Episode 1: The Greenville Treaty of 1795 is not the beginning
It must have seemed commonsense to her, in a Gramscian sort of way.
“Can you tell me what I should read to study the history of this place?” I asked.
“What time frame are you looking for?” The librarian said.
She was delightful and genuinely tried to help. She gave me several recommendations.
And so I began. My wife hates it when I do this. I like to think out-loud, and I like to think with people. So I often turn what seems like a simple question that requires a simple answer into a complicated series of what sounds like verbal nonsense. I mumbled some things about what I knew about growing up in Kentucky, “I know a little of that history.” I explained that I have a general picture in my head of United States history from what I learned in high school, college, and graduate school. I have an intimate, though not exactly academic, understanding of the way this has shaped the material well-being and the quality of life of everyday people. “I do not always remember the details,” I said, “but I do know some of the basics.”
She was still listening, but I didn’t want to be awkward. I thought I should stop. She smiled like she might be interested in what I was talking about. I’m always eager to find people who care about the world we live in and how things ended up being the way they are. I always think that these might be people who want to participate in transforming the spaces we inhabit into beloved communities.

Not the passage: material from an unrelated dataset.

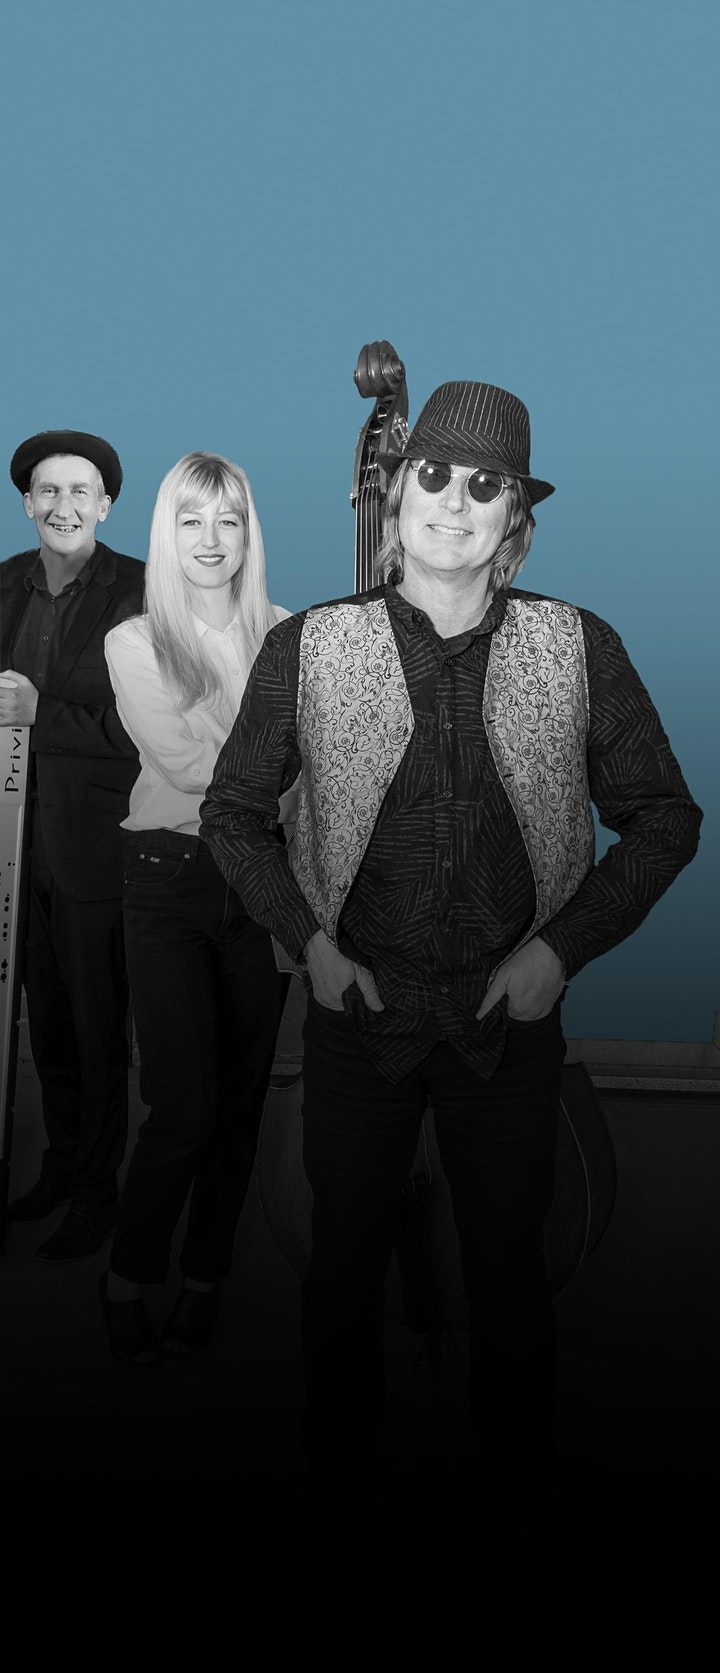 Dr Ian Champan and the Cosmic Jive Trio image

“I assume most people begin with industry. I get the need to want to begin that way,” I continued. “Industrialization was a season of rapid growth and development. A lot of that growth was in the form of industrial capital made on the backs of everyday people: Vanderbilt, Rockefeller, Caragie, Edison, J. P. Morgan, Ford. I can remember something about Akron being a site of a massive workers’ strike in the 1930s. I have some broad sense of how cities began to be developed, from the New Deal and after World War II. I know about how cities were planned to store and protect residential capital. I’ve been studying a little about the history of city planning, gentrification, and housing justice. I understand the temptation to begin here with the history of Akron. But I need to begin before the colonial expansion and the birth of industry. Before the industrial expansion and massive social investments and disinvestments. What was there before the people and land were traded for profit?”

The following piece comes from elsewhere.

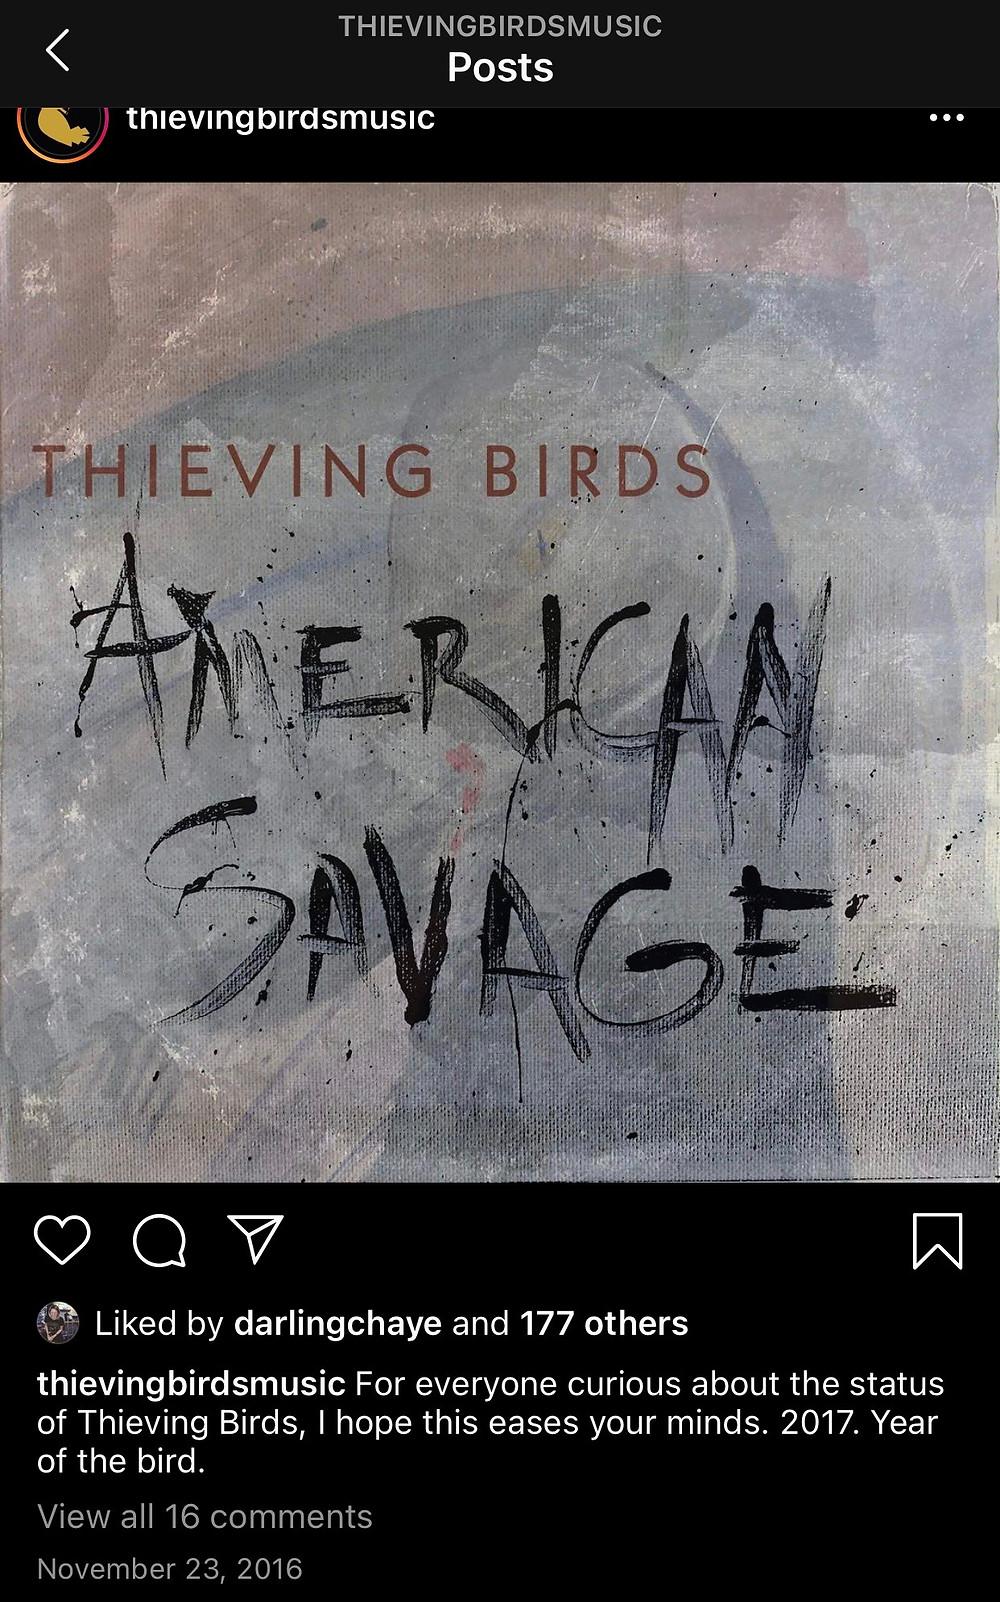 thieving birds new album instagram post

“I’m sorry,” she said. “Were you looking for something? Do you have a timeframe in mind?” She didn’t seem at all bothered by the short moment I took to reflect. She seemed to understand how seriously I took her question. “What time-frame did you want to read about?” she asked.
“In the beginning,” I said. “That is where all good stories start.”
“Ah, yes! The beginning. Hmm…” She looked up a series of books and wrote down the call numbers. We walked down the aisle as she reached over and ran her fingers along the books on the shelf. The first book she handed me was brown, with a picture of a boat docked as people are getting on and off.
I opened to the first chapter: “In the Beginning.” [The book was from 2008, published by Kent State University Press, and written by Terry K. Woods, Ohio’s Grand Canal: A Brief History of the Ohio & Erie Canal.] In the beginning, I guessed the story would go, we settled this place and built a canal. The first paragraph tells about the importance of the canals of Ohio.
The canals of Ohio, once the mainstay of the state’s transportation system, shunted Ohio products out of the state and necessities for the good life. In just a little more than twenty-five years, these artificial waterways—and the men and women who lived and worked on or near them—transformed the state of Ohio from an isolated frontier, where farmers were unable to afford to ship their harvests to market, into a prosperous and influential agricultural and industrial power. (1)
Is this where the history of this place begins? Is this our “In the beginning” moment?
The author continues:
As per the Greenville Treaty of 1795, the western boundary of the United States was drawn south from Lake Erie along the Cuyahoga and Tuscarawas Rivers before veering to the west. The Treaty of Fort Industry in 1805 pushed that boundary even farther west into Ohio. Now, floods of settlers rushed into the “new west,” which included western Virginia, Kentucky, Ohio, and beyond.
The first thing these new settlers did upon arriving in Ohio was clear a tract of land, build a cabin, and plant crops… (1)
Is this the beginning? The story of the Grand Canal, if you take this account as it is written, looks like it begins with the arrival of the settlers who appear to be the first people to the newfound area. The clues to the truth underlying this “in the beginning” moment are actually in the first sentences of the story. What was it that opened the magic door of opportunity so that these new settlers could suddenly come in and build communities here? It was the Greenville Treaty of 1795 and then the Treaty of Fort Industry in 1805 that “pushed the boundary” so that “floods of settlers rushed” in.
I came back to the librarian. She smiled in a way that made me think that she was sharing in my excitement. “Did you find something?” She asked.
“What do you have on the Greenville Treaty of 1795? What do you have on the story of the Great Lakes before the Greenville Treaty?”
For the first time, she reminded me of her role. “I’m only a librarian. I don’t really know the history too well. Do you know how to use our catalogue?”